You know this is uncertain, so you set Weight = 0.5.
Weighted GLM: Sees the spike, but also sees the low weight. It splits the difference and predicts a moderate 2026 (e.g., 600).
Holt: Sees the spike. It ignores your weight. It thinks "The level has shifted up to 800." It projects that new level forward (e.g., 800+).
The Result: If Holt wins the leaderboard, your final forecast will be more volatile/responsive to the 2025 imputation than if GLM had won.
- The Counter-Argument (Why we keep it)
Even though it ignores the safety brake, Holt has two features that act as a "Natural Brake":
Damping: We are using damped=TRUE. This prevents the "Rocket Ship" effect. Even if Holt trusts the 2025 spike, it will assume the trend flattens out, rather than projecting exponential growth forever.
Selection Bias (The Good Kind): Remember Step 2 (Backtesting).
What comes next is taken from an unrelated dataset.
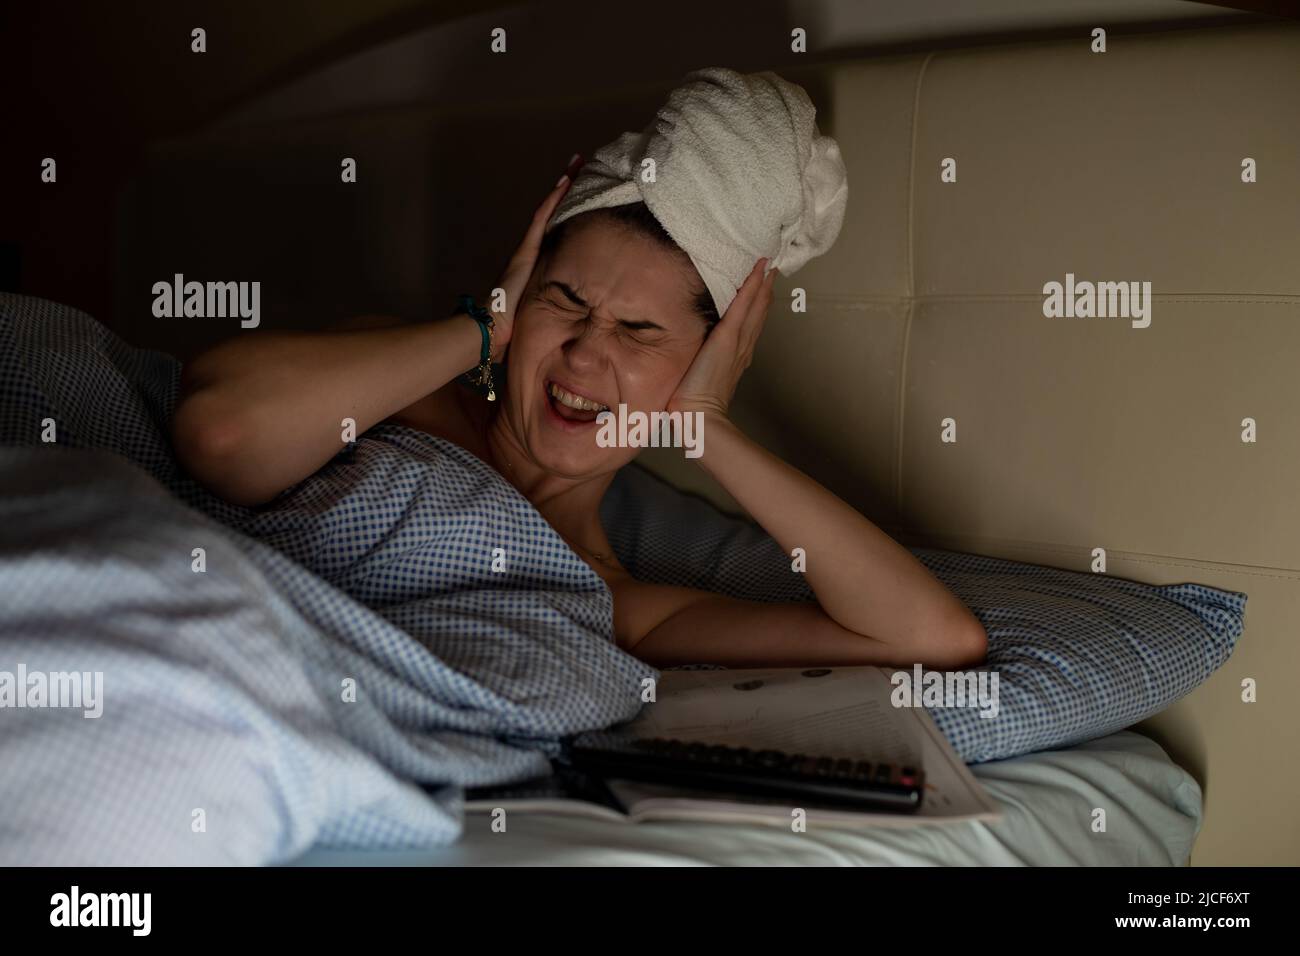 Mujer joven con toalla blanca envuelta alrededor de la cabeza tumbada en cama que sufre de dolor de cabeza, dolor de oído que cubre los oídos con las manos. Foto de stock

If Holt was highly sensitive to outliers, it likely would have produced huge errors during the volatile test years (2023-2025). The fact that Holt won your leaderboard suggests that, for this specific stratum, the fishery is stable enough that Holt's internal smoothing is working correctly.
Verdict
It is an acceptable inconsistency.
You are trading "Consistency of Weighting" for "Diversity of Models."
If we removed Holt, you would only be testing regression-based models (GLM, GAM, Robust). You would lose the entire class of "Adaptive" models.
Given that fisheries often drift over time (which Holt handles beautifully), keeping Holt is worth the risk that it ignores your manual safety brake.
No code change is recommended. The comment I added to the code (# Holt ignores weights) is sufficient to document this behavior for future researchers.